_Work instruction:_
Reproduce exactly, from the data that follows, the line with "Ramadan prayer and breaking fast schedule", the line with "1300x1046 Drawing Sketch", and every line that lies between them.

_Dataset records:_
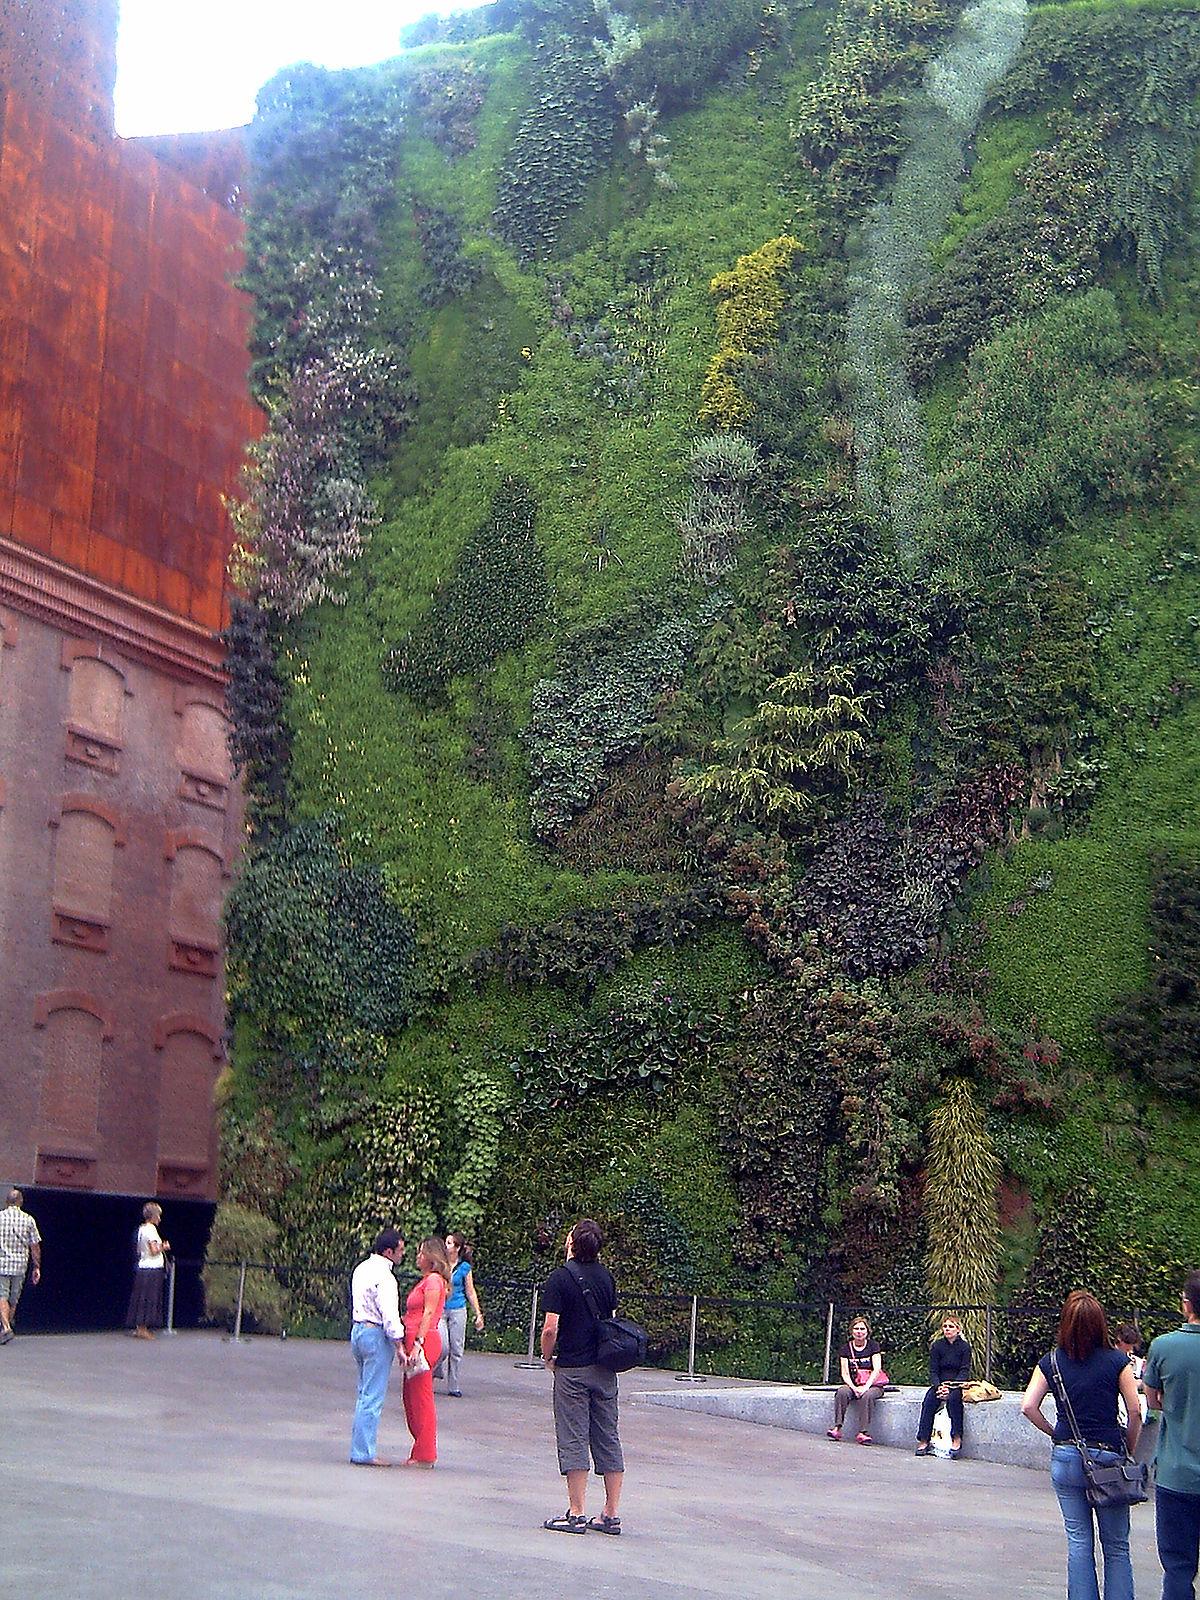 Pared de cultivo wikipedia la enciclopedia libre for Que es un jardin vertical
...
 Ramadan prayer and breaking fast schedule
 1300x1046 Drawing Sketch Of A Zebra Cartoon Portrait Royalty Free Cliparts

_Problem solution:_
 Ramadan prayer and breaking fast schedule
 1300x1046 Drawing Sketch Of A Zebra Cartoon Portrait Royalty Free Cliparts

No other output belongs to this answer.